I recently hosted a space where aspiring authors asked questions about the publishing industry. In addition to talking self-publishing, I also gave insight into the process of finding a literary agent, which I will distill into a few points here for easy reference. If you’d like to listen to the whole talk, go here.

Researching agents

QueryTracker is my go-to tool for researching agents. You can use the tool for free or pay a small premium for advanced features. It has absolutely invaluable information on things like:

  1. If an agent is open to queries
  2. What genres they represent
  3. What their preferred method of contact is
  4. What their response rate is
  5. Their social media
  6. Feedback from authors who submitted to them on their querying process

A lot of queries you send out will go unanswered or will be answered a really long time from when you sent it out. This is another great feature of QueryTracker because it lets you keep track of outstanding queries you are waiting on. 
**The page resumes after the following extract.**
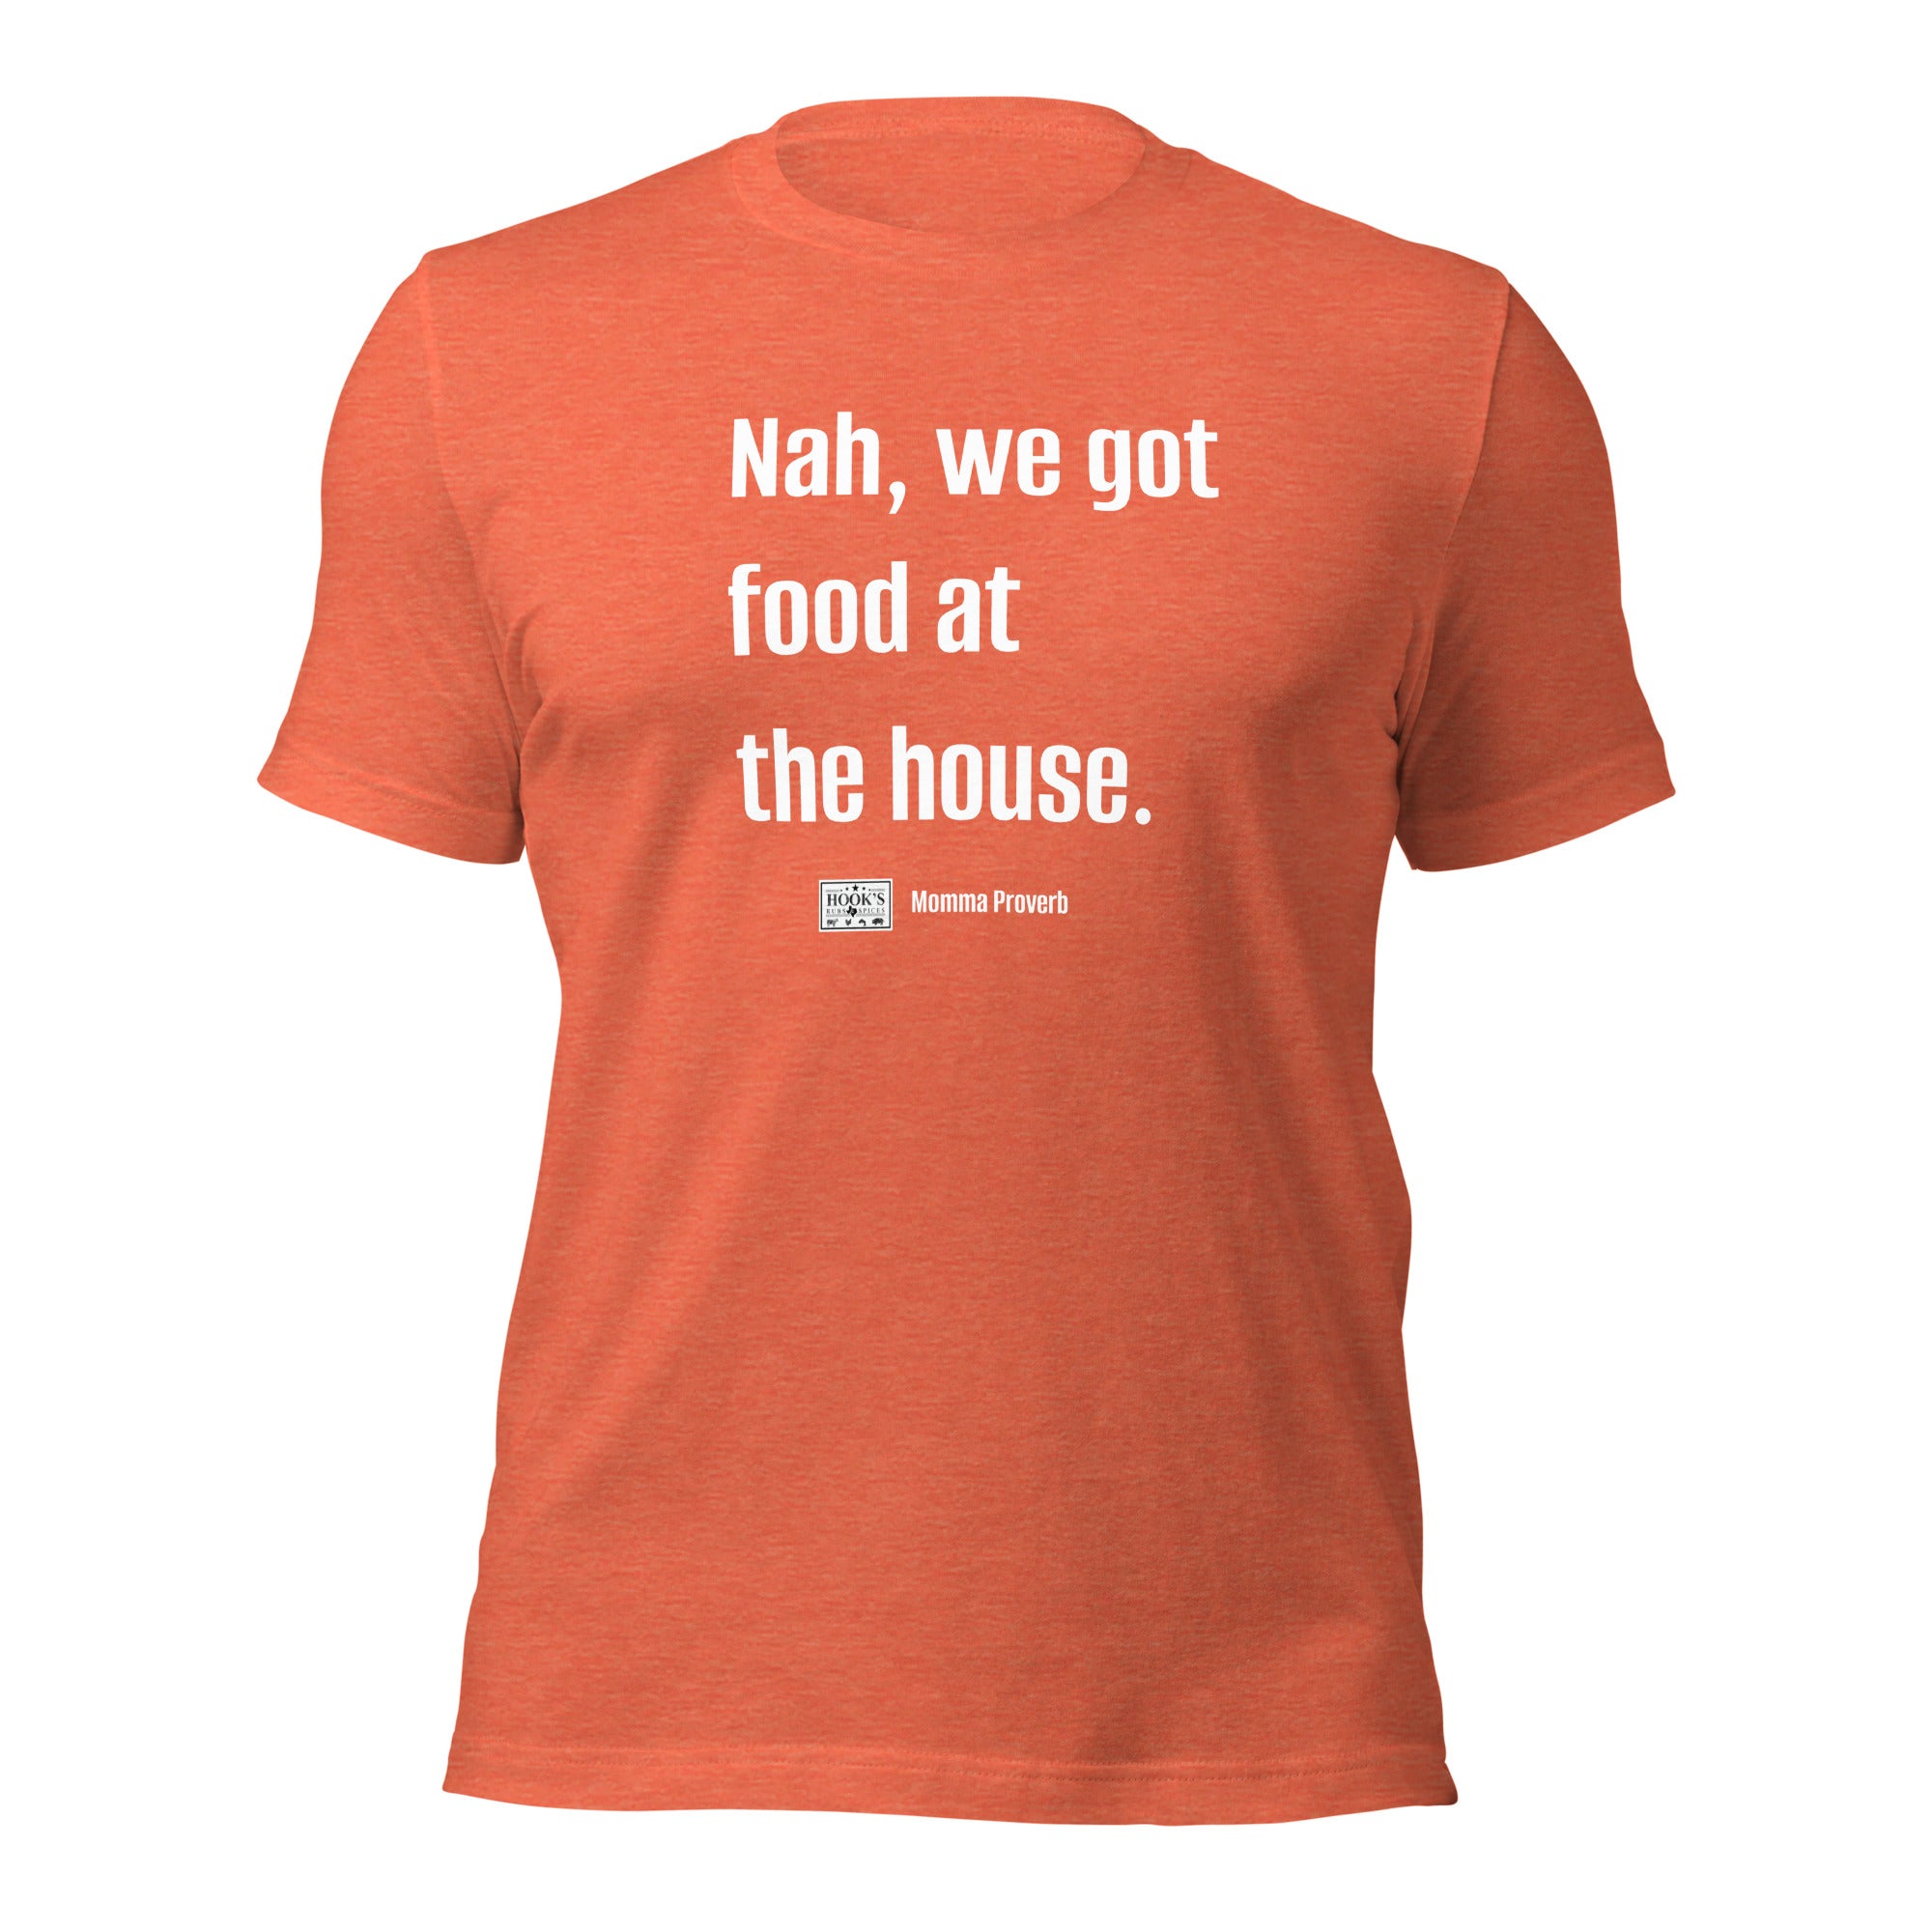 We Got Food at the House Momma Proverb T-Shirt

If you have an agent you particularly want to work with and you receive an offer of representation before they’ve gotten back to you – you can ping them to let you know you’ve gotten an offer. But other than that, you shouldn’t message the same agent over and over again. Which is another reason QueryTracker is helpful – in preventing you from accidentally querying the same manuscript to the same agent twice. 

publisher's marketplace

The publishing industry works on a long timeline. Even if a manuscript is fully edited and ready to go, it can take many months to a year before it will actually go to market.

Publisher’s Marketplace is a great tool for understanding what kind of books are getting agents and publishing deals RIGHT NOW… for books that will be published next year and beyond. You can go to Barnes and Noble to see top sellers – and that’s important too for finding comps for your query letter – but Publisher’s Marketplace gives you industry insight what books the industry will be pushing in the future.

When you read listings, note that there is industry jargon that isn’t apparent to the average reader unless you know what to look for. For example, the following terms below refer to how much an agent was able to secure as an advance for their author during the publishing deal negotiating process: 

  • “nice deal” $1 – $49,000
  • “very nice deal” $50,000 – $99,000
  • “good deal” $100,000 – $250,000
  • “significant deal” $251,000 – $499,000
  • “major deal” $500,000 and up

You as a new author looking for an agent should use the site to search for recent bestsellers, using PM as a tool to learn who the agent is that represented the book, what kind of deal the author got, and who the publisher is.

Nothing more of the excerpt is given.